▶ **SOURCE INFORMATION**
....................

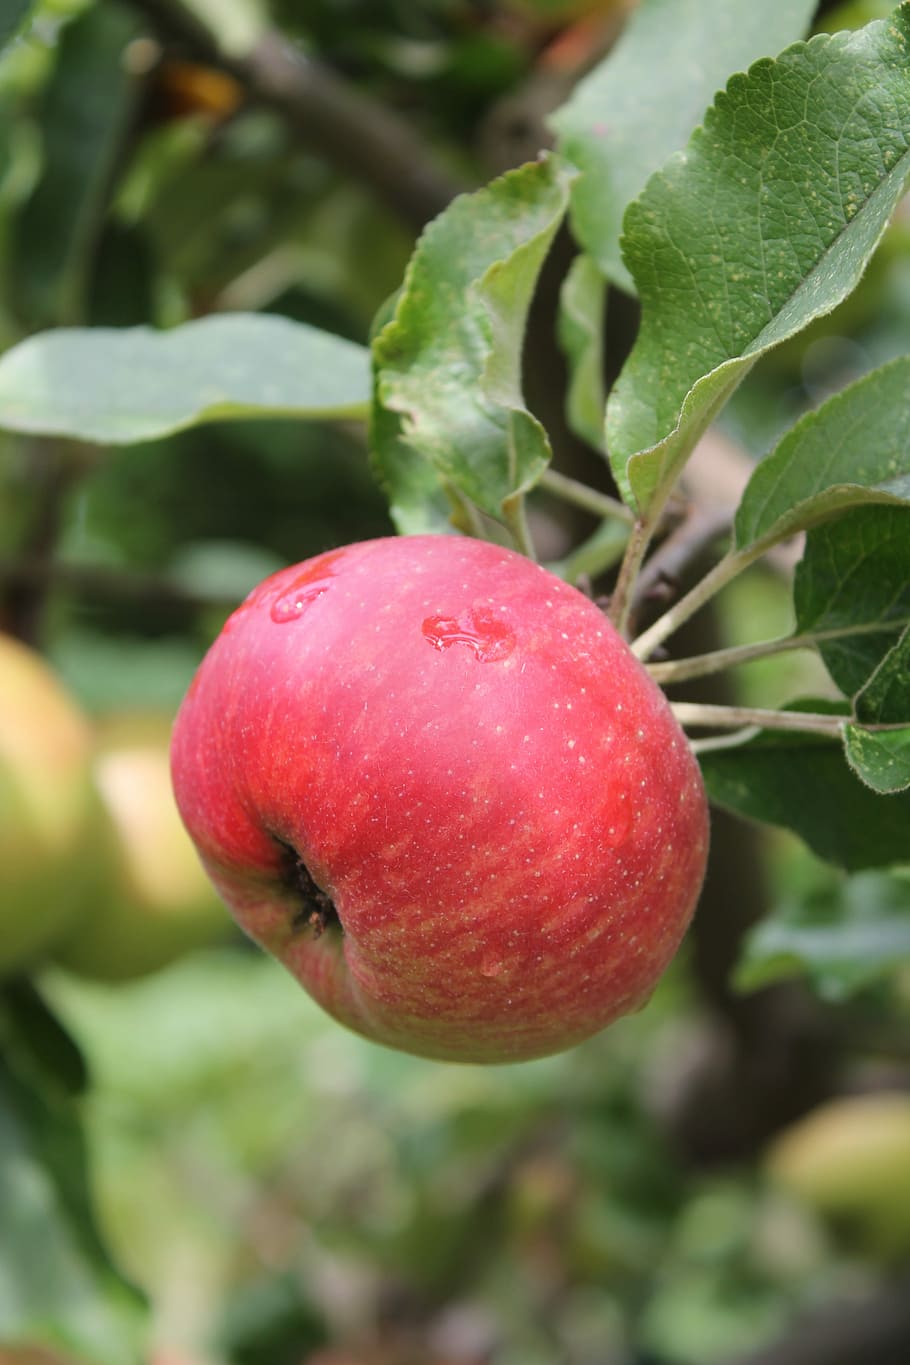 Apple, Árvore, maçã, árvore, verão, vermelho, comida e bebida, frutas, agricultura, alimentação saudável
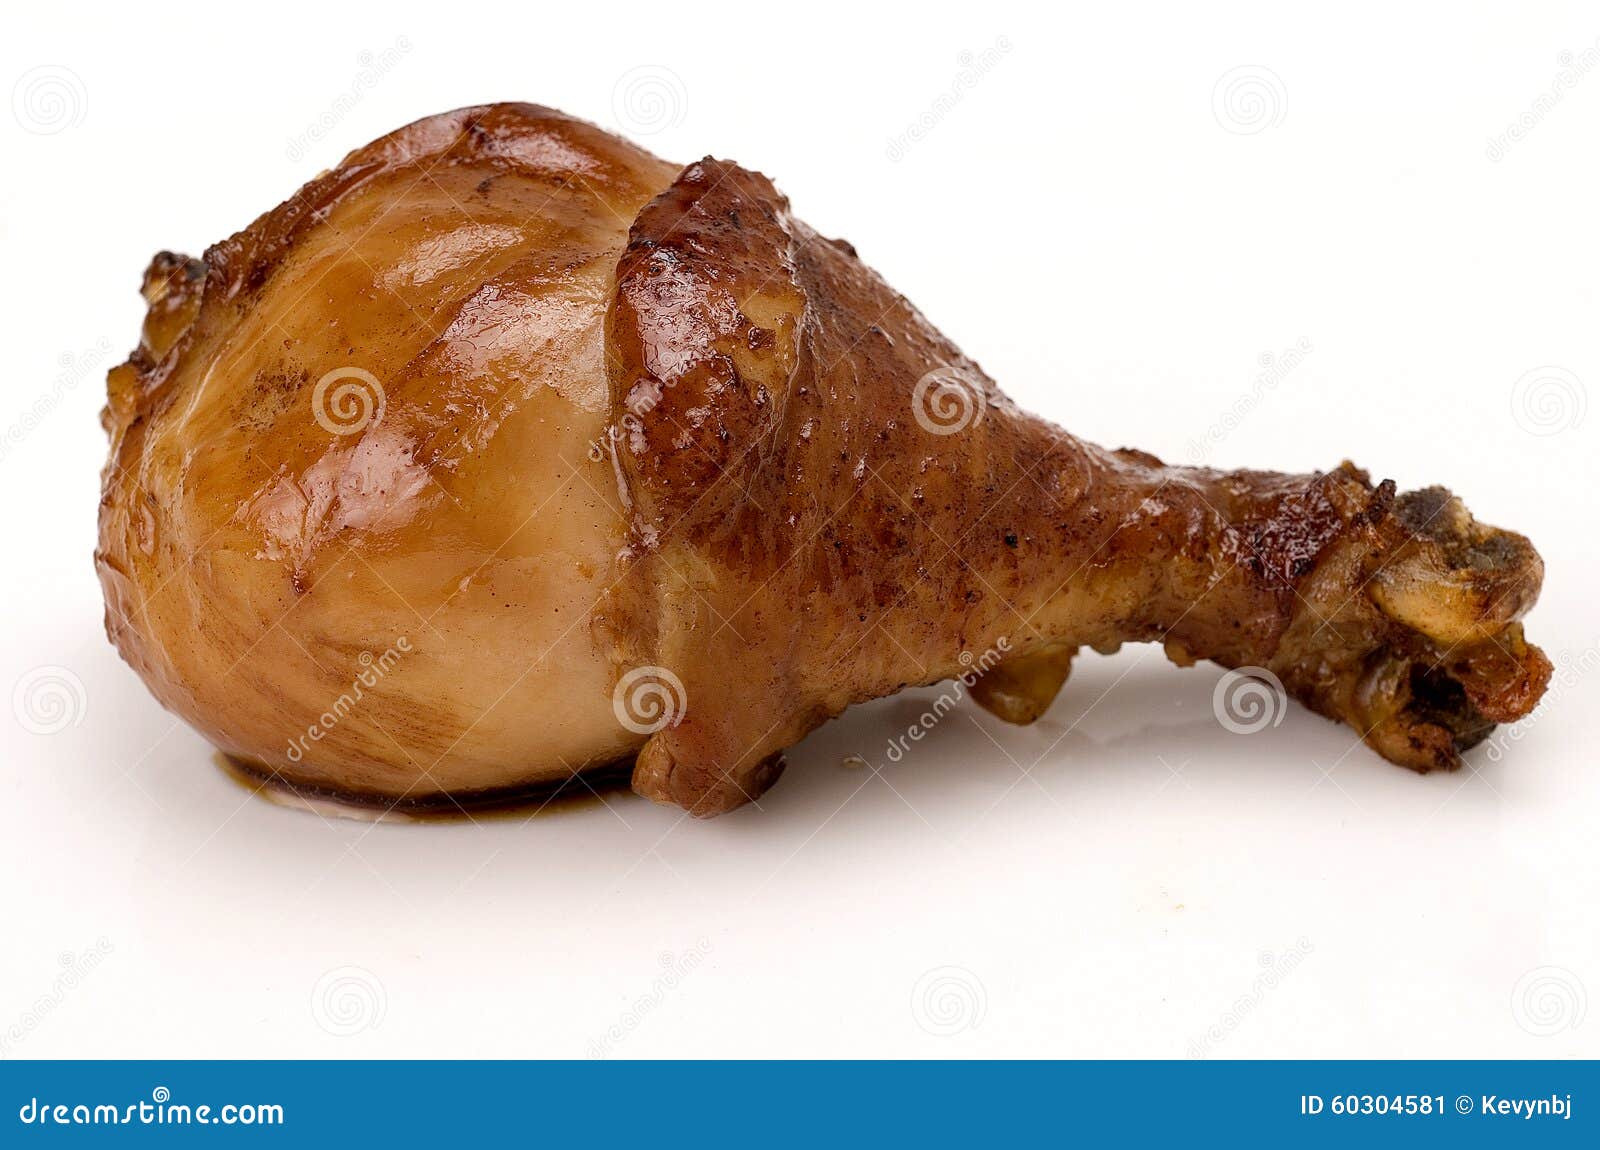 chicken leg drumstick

....................

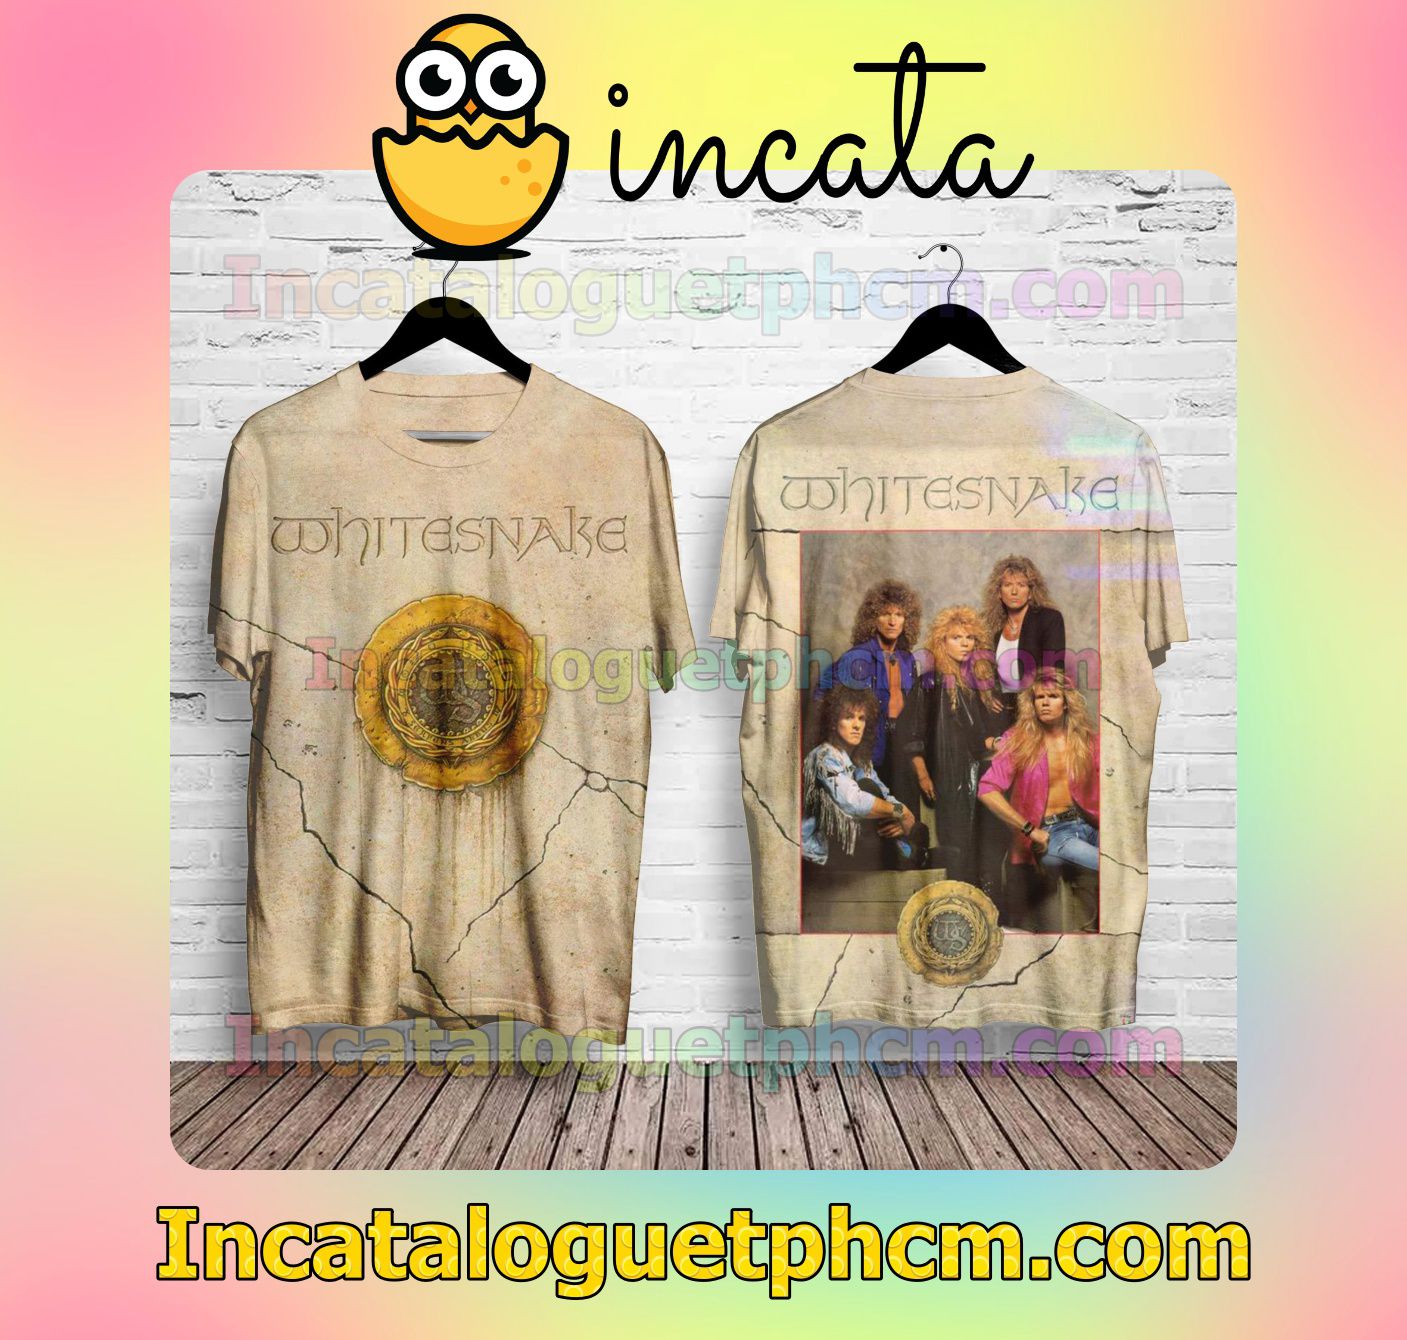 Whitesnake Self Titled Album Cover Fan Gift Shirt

....................

▶ **ACTIVITY**
In the listing above, find the line with "Apple, Árvore, maçã, árvore, verão, vermelho, comida" and output every line through the one with "chicken leg drumstick", exactly, without the pictures.

▶ **THE ANSWER**
 Apple, Árvore, maçã, árvore, verão, vermelho, comida e bebida, frutas, agricultura, alimentação saudável
 chicken leg drumstick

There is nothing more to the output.